In the Grand Inquisitor chapter, we see how Christ rejects the Devil’s temptation to throw himself off the pinnacle, seek salvation from the angels, and show the people below a miracle that would restore their faith. The Grand Inquisitor’s insistence that Christ made a mistake in refusing to show the people a miracle is based on his emphatic belief that free will is not enough for most people to find salvation through faith: the monks illustrate this general principle that people need to witness miracles, because they are too weak to hold onto their faith without them.

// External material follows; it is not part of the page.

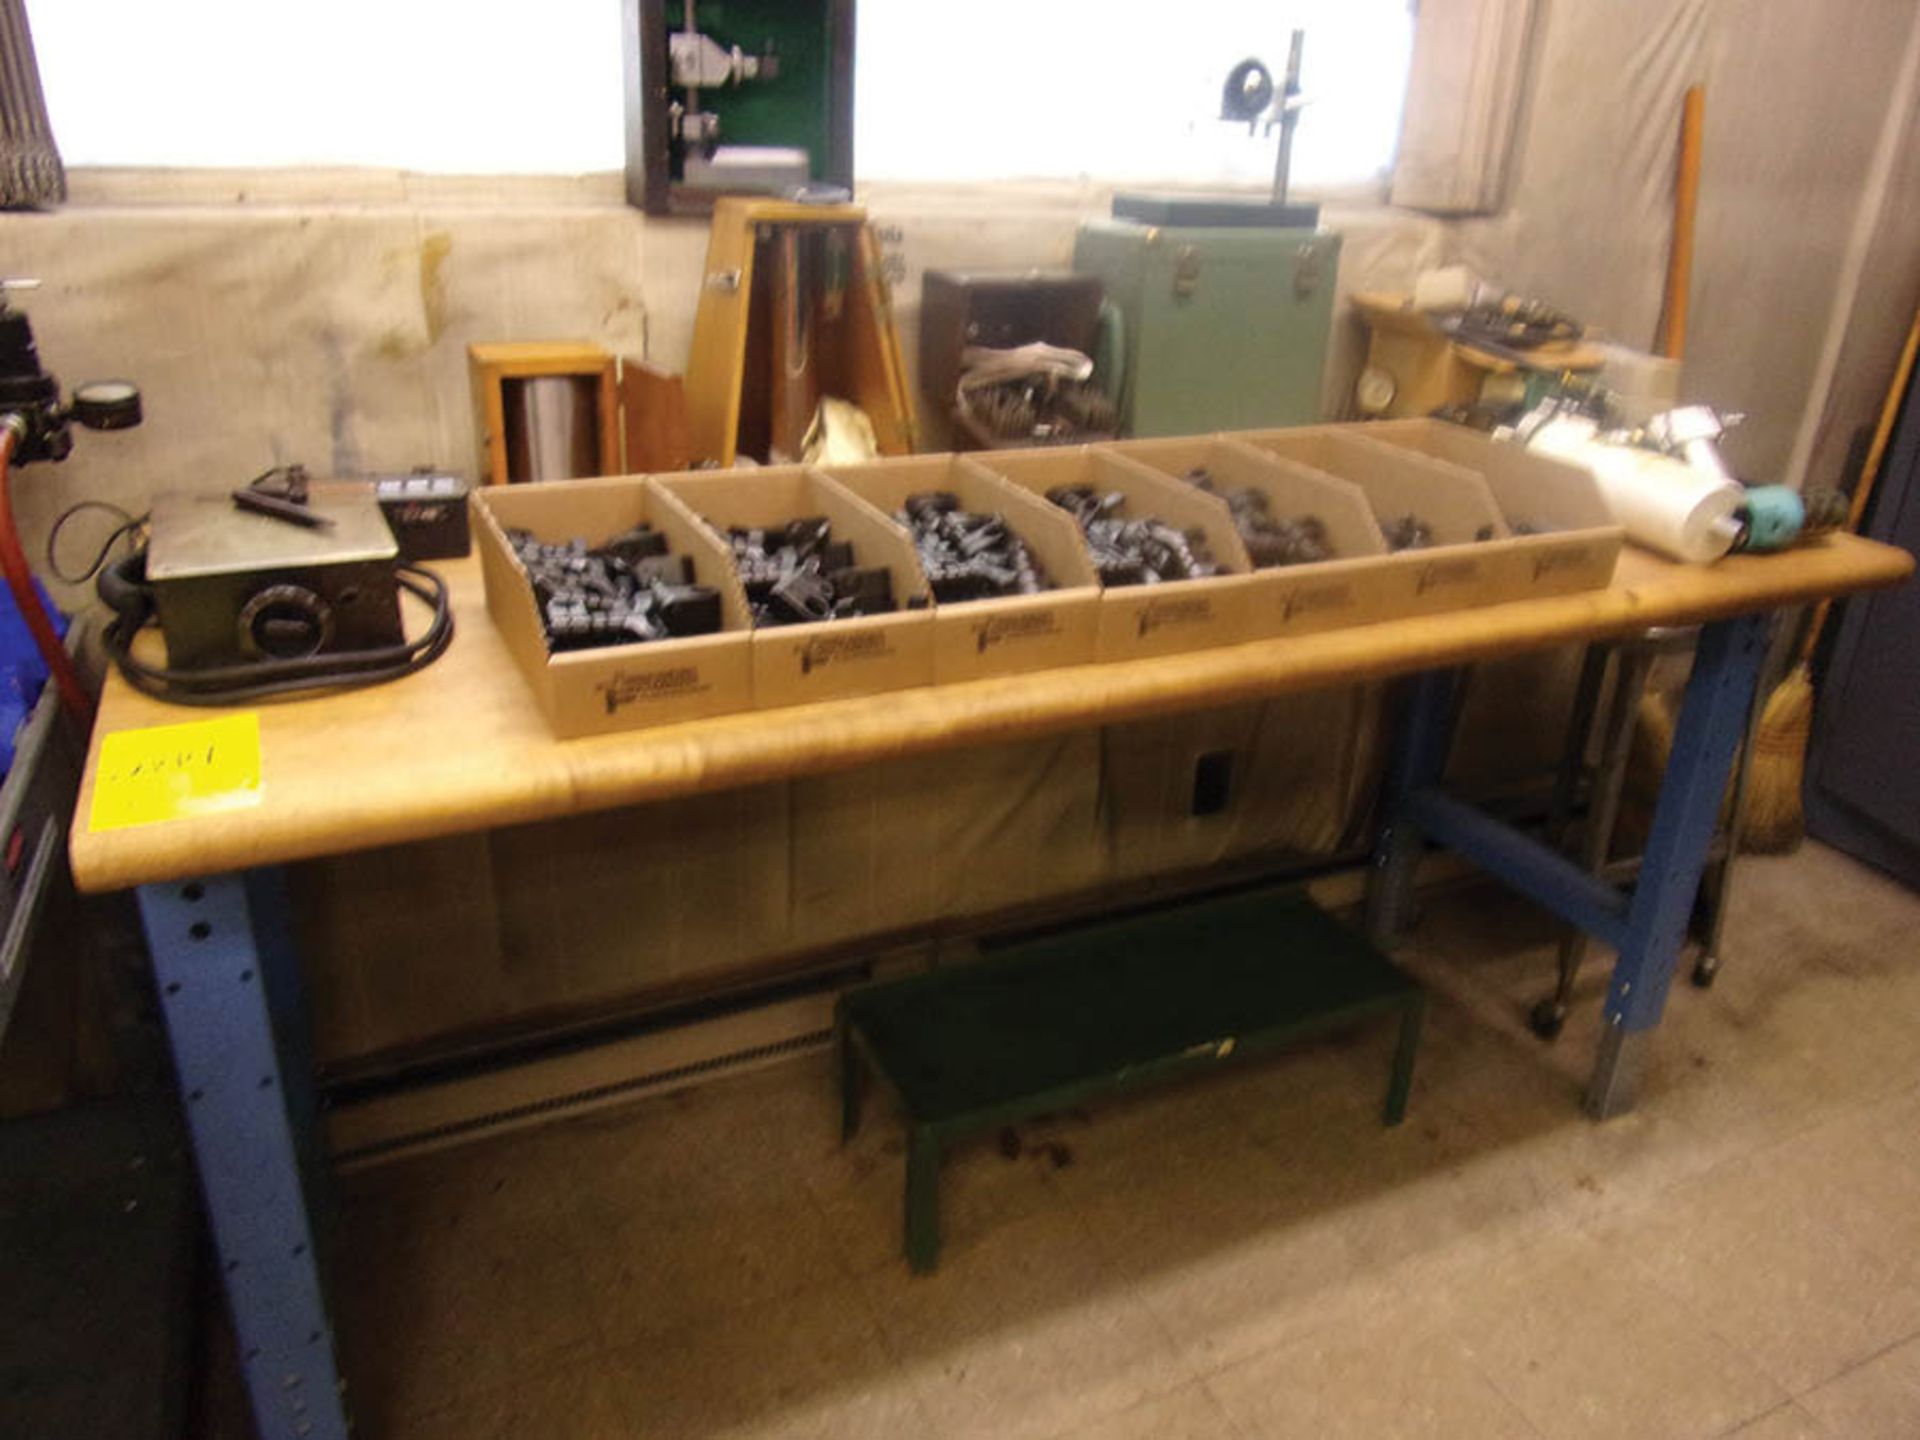 WORKBENCH AND CONTENTS; INDICATOR STAND PARTS, STAKING SET, ROUGHNESS SAMPLES - Image 3 of 3

Everyone, even Alyosha, is optimistic about the possibility of a miracle after Zosima’s death, and the speedy putrefaction of Zosima’s corpse is an unpleasant reminder that, in the real world, there are no dazzling miracles, and faith is something that must be achieved without evidence.

In these chapters, Dostoevsky creates a powerful and disturbing symbol of the problem of free will in religious belief. Without the security of miracles, people are left to their own devices, to choose either faith or doubt. The choice to doubt or disbelieve can be based on a model of rational evidence, but the choice to believe must be more mystical, based on a positive feeling of meaning and profundity that is often at odds with the world as we usually experience it. Zosima’s corpse represents a worldly impediment to faith. The physical reality of the world stubbornly works against the claims of faith, giving believers no validation for their belief. Even Alyosha, whose veneration of Zosima continually strengthens and protects his own faith, is driven to doubt by the events surrounding Zosima’s death. The anger that he feels toward God is similar to the cold, intellectual fury that underlies Ivan’s entire project of doubt. Both men are angry about God’s injustice: Alyosha because God permits the posthumous humiliation of his beloved Zosima, and Ivan because God permits the suffering of children.

Rakitin and Grushenka first conspire to bring Alyosha to Grushenka’s because they are threatened by his apparently unshakable purity. Their mistrust and self-doubt are manifest in Rakitin’s smirking cynicism and Grushenka’s angry pride. They want to upset, frighten, or corrupt Alyosha so that his own faith no longer threatens their shared belief that the world is corrupt, painful, and ugly. When the opposite happens, and Alyosha’s troubled goodness elicits a chord of feeling and sympathy in Grushenka, the two young people each find unexpected salvation in their sudden understanding of one another. For Grushenka, finding a man who cares about her renews her faith in the world. Alyosha’s experience with Grushenka, on the other hand, reminds him that the validation of faith lies not in miracles, but in good deeds. He believes that faith is not invalidated simply because a corpse develops a stench, but that it can be validated by active love of mankind.

Alyosha’s dream of Zosima demonstrates that Zosima’s legacy has not died with his body, but lives on in Alyosha’s good deeds, in the forgiveness and love that are the cornerstones of his faith. -Alyosha’s kissing of the earth after he wakes up is a turning point for him. A deliberate echo of Zosima’s final act before dying, it signifies that Alyosha has stepped into Zosima’s shoes and is now fully committed to leaving the monastery and doing good in the world.